Thresholding functional connections

Network neuroscientists usually apply thresholds on the correlation coefficients to remove specious connections and magnify key topological features of the networks37. Since the impact of positive links and negative links on the balance of the resting-state network were not equal, we claimed that the negative weak correlations should not be ignored when we study network balance, so we decided to consider signed networks fully-connected. Nevertheless, we employed a thresholding process on the connections and obtained significant differences between the balance-energies of actual networks and balance-energies of null-networks in some range of thresholds (Supplementary Fig. 2). We also observed that sign of group-level differences switches by increasing the threshold. It reveals the importance of further investigation in the effect of the thresholding process on the signed network balance.

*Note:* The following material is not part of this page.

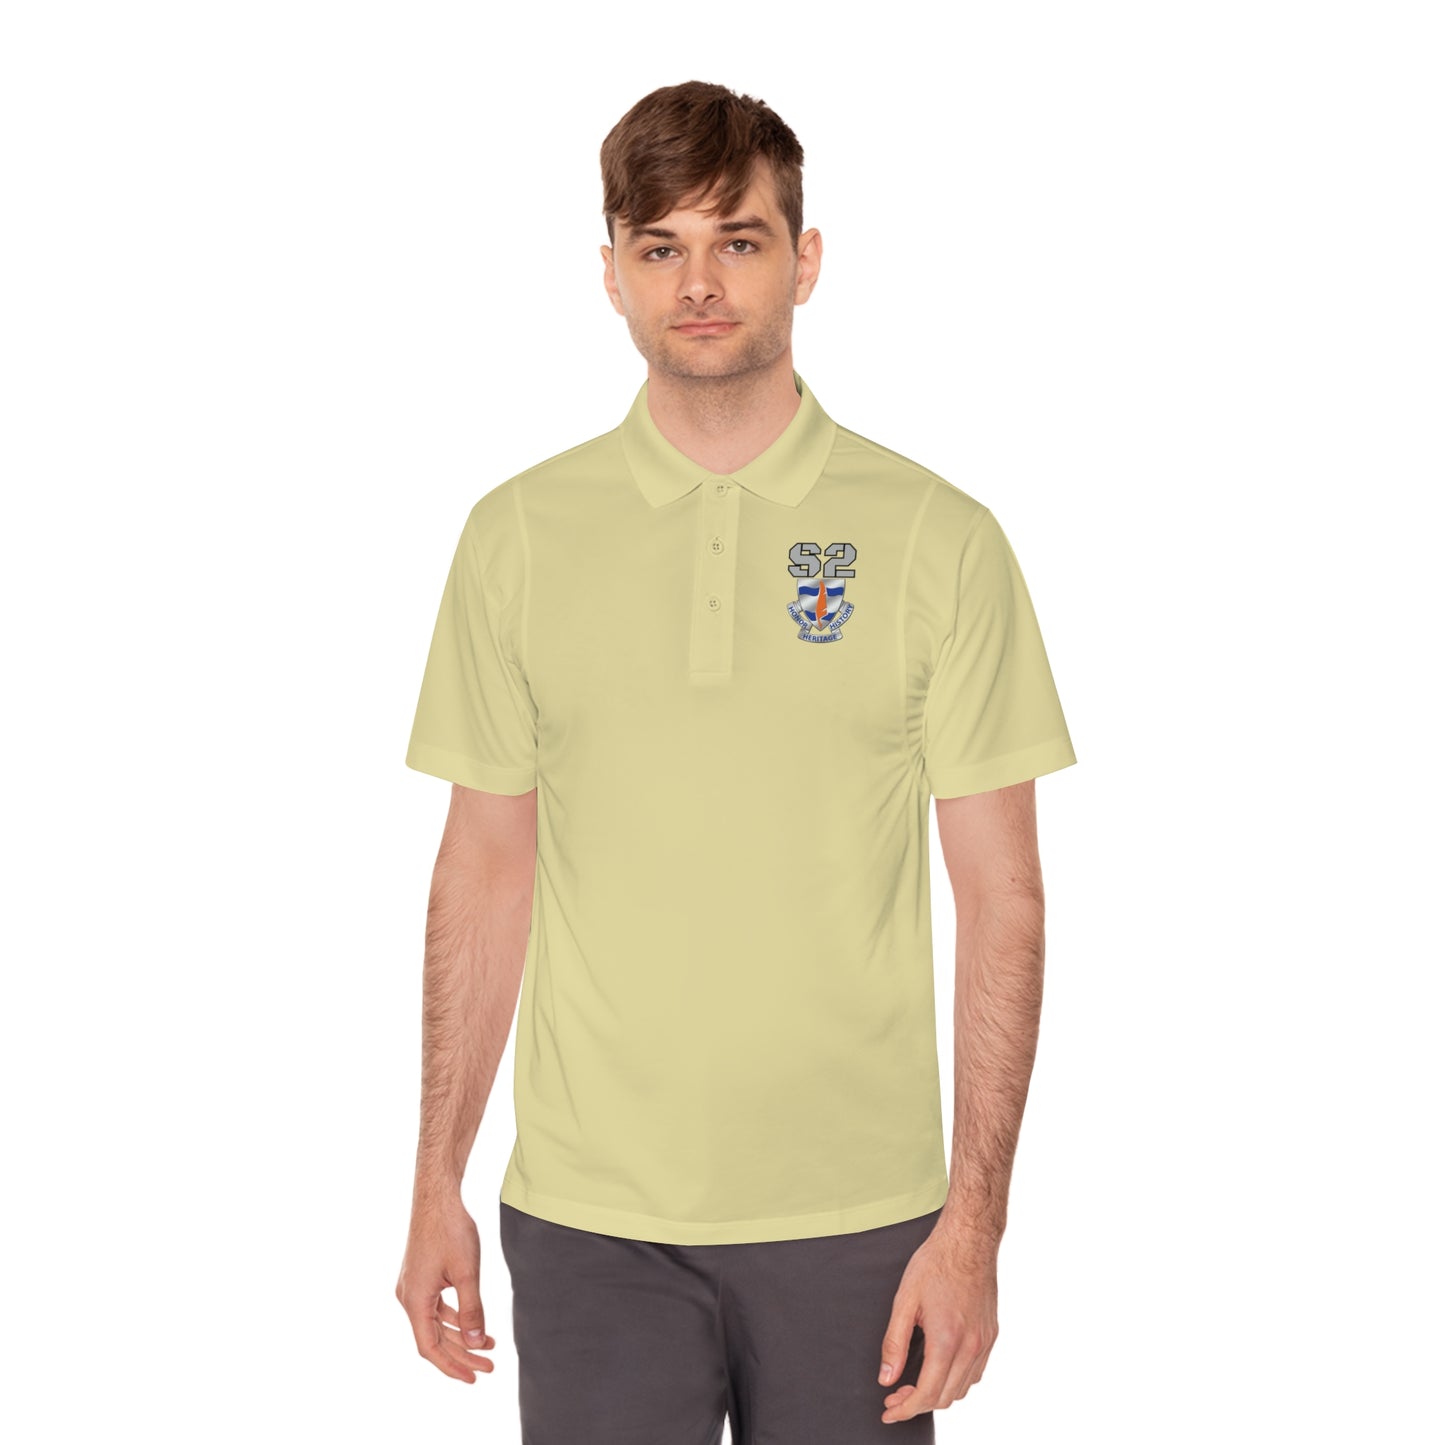 S2- Draft 2 - 102D SSB Polo Shirt - Back is Blank

Effect of topology on the balance

After more than half a century since the appearance of Heider's balance theory, there is no research work to clearly describe the origin of the balance in the signed networks. Typically, network balance is determined by counting the triad types. It seems more an observative fact than a causal effect. So, it is not still clear what emerges the triad types? In this study, we concluded that the network topology plays an influential role in triad type appearance. We described that gathering sign links around the nodes and making signed hubs increases the number of balanced triads and decreases the number of imbalanced triads (Figs. 4b and 5).

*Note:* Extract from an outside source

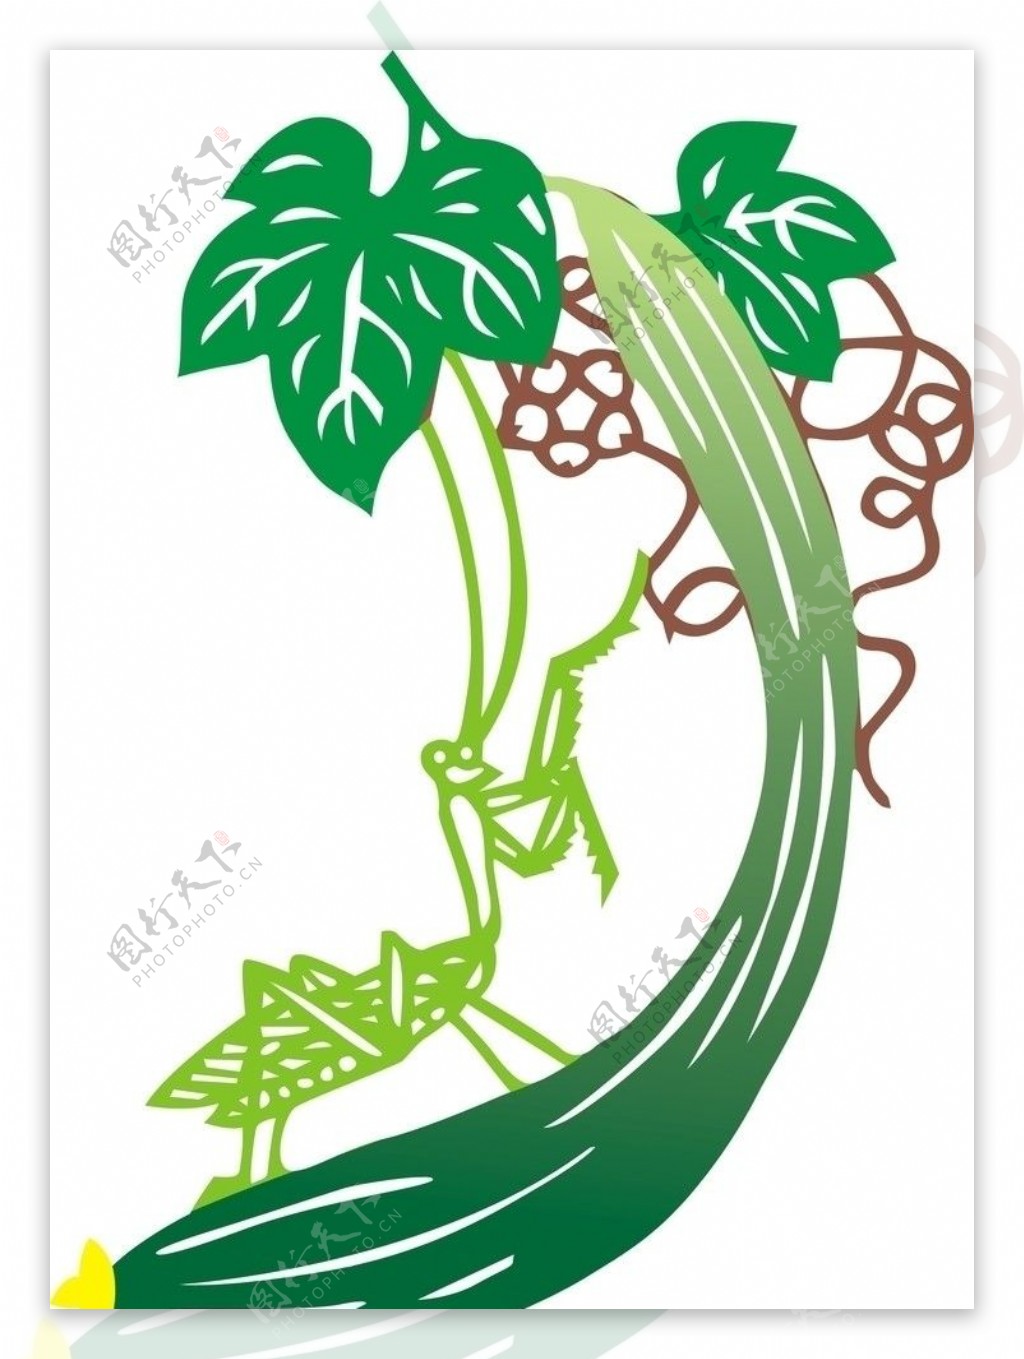 水墨絲瓜 兩根綠色絲瓜 開花的絲瓜 綠葉裝飾, 水墨兩根絲瓜插畫, 水墨絲瓜, 開花的絲瓜素材圖案，PSD和PNG圖片免費下載

Exponential negative degree distribution

Network neuroscientists usually regarded both positive functional connections and negative functional connections as links and construct brain network without considering signed of functional connections37. In addition, sometimes they ignored negative connections due to the difficulties in the interpretation and justification of anti-correlated activations38. But in this study, we highlighted the role of functional negative links. In accordance with the work of Valerio Ciotti et al.39, we extracted positive and negative subnetworks and explored them separately. We studied the collective behavior of resting-state functional negative links and found out that they distribute exponentially (Fig. 6a). Whereas previous works indicated a power-law distribution without any consideration on the sign of the links40,41,42,43, we assigned a new attribute to the collective behavior of functional negative links and emphasized the study on the anti-synchrony in the brain functional network.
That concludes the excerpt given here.